EDOUARD: There is rarely any pushback after publishing, because I don’t think we’ve ever published something without the consent or the legal approval of the source. However there can be, not some pushback but some difficulties with getting the data in the first place. Just because some of our researchers have been working on some topics for years and years, they know that some data is available in the world about topic X. And they know that it belongs to a company for example, or that it’s stored in a database somewhere, but that it’s impossible currently to access it. It can be especially the case in things like energy, where some of the big petrol companies in the world have a wealth of data that we know them to have, but that is very difficult to access because it represents things that can be confidential, and things that could be like an economic resource for them so they’re not super used to making it public.

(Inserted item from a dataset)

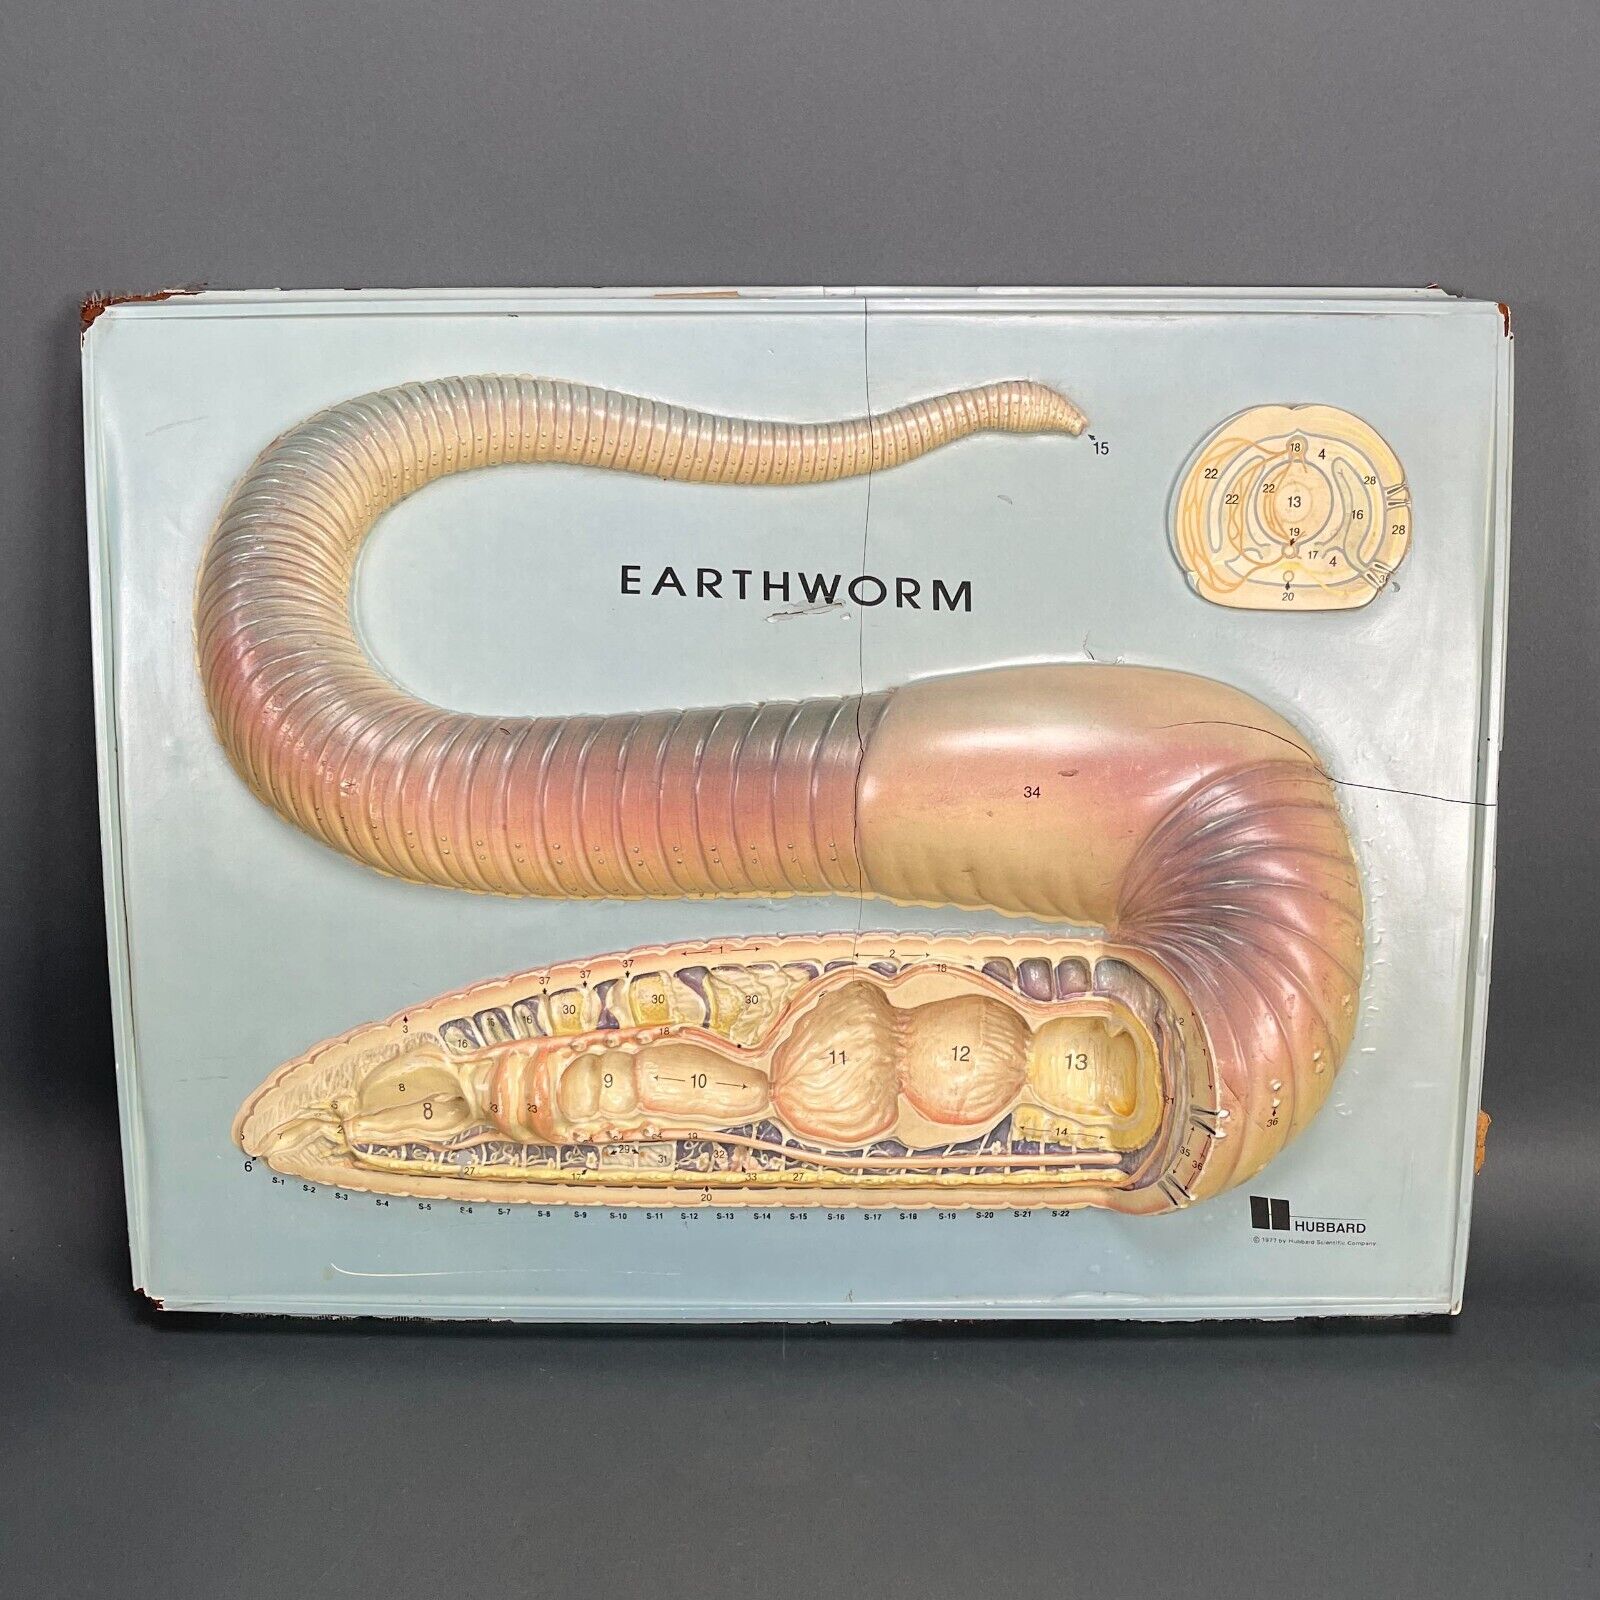 Vintage 1977 Hubbard Scientific 3D Plastic Earthworm Display Anatomy Chart Prop

So, we’ve had some time discussion with these groups, with these institutions, with these companies, to try to get them to make the data available. Once this is done usually, they are really happy with the result, also because it’s really not our style to change the numbers or to do anything weird with the data.

So we usually just take the data, we make it into a form that we think is much more understandable for the public, or in terms of the data sets we make it into a form that is reusable by people in a machine readable way. The sources we use are either already making the data public, or we get them to do it and then they’re really happy they’ve done it.

IVAN: I love this idea that the data is machine readable and also available on GitHub, and that the URLs are the same, so that you can get the latest vaccination data for the United States, for example, by simply pinging the same URL once a day. There’s nothing that changes on it except the data. The URL doesn’t change. That’s a wonderful asset that you have, and I hope that it continues. I hope that you continue to evolve the data sets and that this continues to be the way you publish data.

EDOUARD: I think it will be the case because we’re actually in an unusual position in that we’re both consumers and producers of data. We consume the data in that, for example, in the last month I’ve collected data on COVID-19 vaccinations from dozens and dozens of websites. I collect that, and I have to write scripts that collect the data as automatically as possible so that I don’t spend everyday going there and collecting the data. At the same time what I do with this data is that I clean it, I rearrange it, I make it into data sets that I then publish. And so, because I’m also consumer of data, I know exactly what people wish I do and what I don’t do.

So, for example, yes, I’m very aware of the fact that stable URLs are a thing, and whenever I’m going on the website and actually, they change the URL every day, it’s a bit of a pain and I have to write a script that finds the new URL and instead of just using the same one. Same thing for formats for changes and structure in the name of columns. So, in the same way the data we publish on GitHub, we’ve had to change a few things a few times but most of the time we are very careful not to change the format, not to change the name of columns. Or we make people aware of the change with a lot of time, so they can adapt their script and it doesn’t break anything.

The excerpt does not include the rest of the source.